ETF Closures Go Over 100 and Hit/Approach a Record

There are nearly 20 funds that have less than $ 1 million in assets under management, while about 300 have less than $ 5 million under management. There is basically no way these are profitable and I am sure we will see a host of closures in 2016 as the writing on the wall becomes clear for many of these strategies. This will make 2016 another big, if not the biggest, year for ETF closures on record.

Someone Will Close Down Too Early

The flip side of this is that a fund will close down too early. In 2016, I predict a fund will shut its doors only to see its segment go on to great popularity within the next few months. We saw this with FAA and the airline space (among others) and it is hard to discount the importance of timing in the ETF world right now, so look for this to happen to a country or sector fund in the New Year (see Finally a New Airline ETF Prepares to Take Off).

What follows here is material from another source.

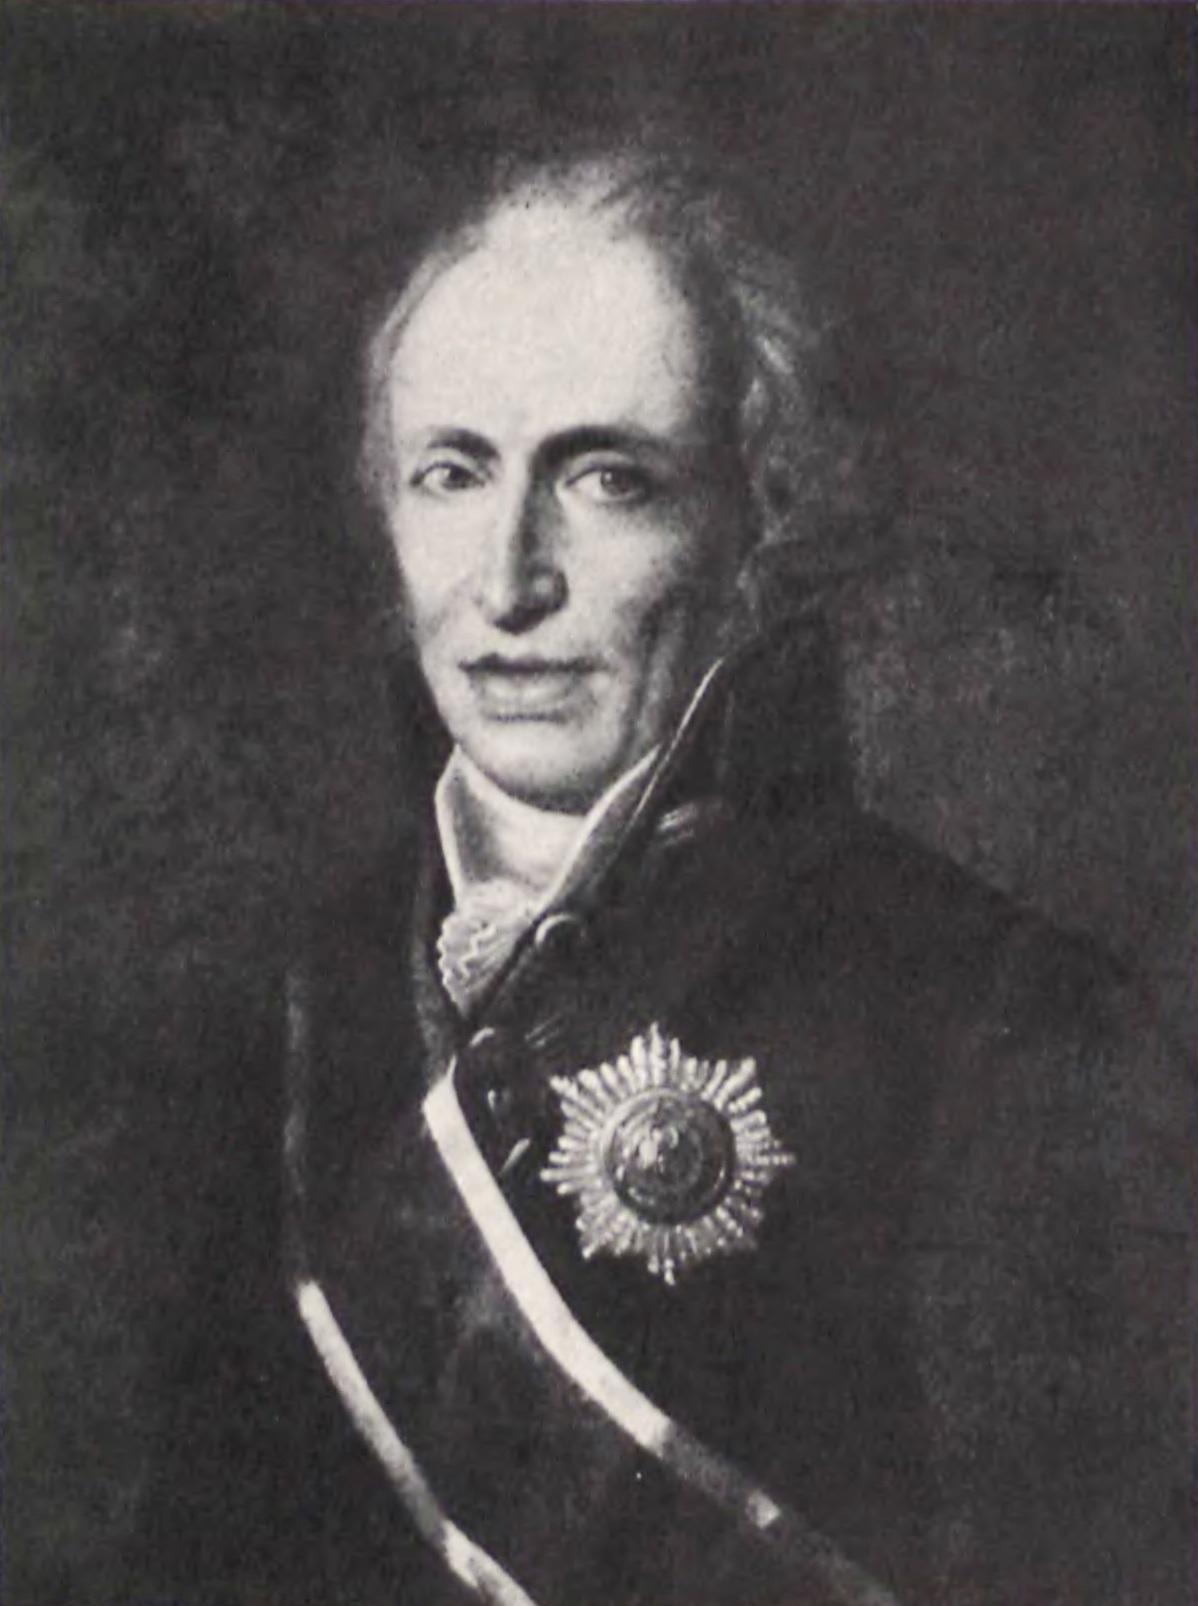 Дзедушицкий, Валериан

Two similar ETFs will launch within a one month window

You know when Hollywood launches two similar movies pretty close together (White House Down and Olympus Has Fallen or A Bug’s Life and Antz back in the day)? Well, the ETF industry likes to do that too, putting out funds that target pretty much the same area within a few weeks of each other. The idea is to dilute the first-mover advantage (or to race and become the first mover) and I’d look for that trend to continue in 2016 at least once.

Wearable ETF hits the market (or at least a filing)

Thanks to the ubiquitous nature of Fitbit (FIT – Analyst Report) and a boost in interest in all technology connected devices that are ‘wearable’, a number of companies are jumping into this market. As we saw in recent months with cyber security and cloud computing ETFs, I’d expect to see a wearable (ticker WEAR?) before too long, or at least a filing that will get this fund to market eventually.

Bitcoin fund finally comes out

For quite some time now, there has been a filing in the pipeline for a bitcoin ETF (COIN) from the Winklevoss twins of all people. The first filing was in 2013, an index was launched earlier in 2014, and I think 2016 will finally mark see this idea pass regulatory hurdles as well as the launch of this product which should help to make bitcoins more easily tradable and liquid for the masses, much like what GLD did for gold (read Believe It or Not: Winklevoss Bitcoin ETF on the Horizon ).

Price war continues

As the ETF space starts to round out, many ETF issuers have launched ‘me-too’ products which target substantially similar segments of the market. The way they differentiate has largely been on the price front and this has forced issuers to slash costs in order to remain competitive. This war has been great for consumers who look to save more money, and I expect to see more fee cuts and price competitive products in 2016 as well.

You’ll see more calls of an ETF Bubble… These will be wrong

Every couple of months, ETF pundits will write articles or go on TV saying that the end is near for the ETF world and that the category cannot support more products. These predictions have been wrong before and they will be wrong again in 2016. While there are a lot more ETFs than there were a few years ago, there is still plenty of more sector specific and active ETF opportunities out there, meaning that investors shouldn’t be worried about a bubble again in the New Year either (see Best and Worst ETFs of 2015).

Happy New Year and best of luck to fund investors in 2016!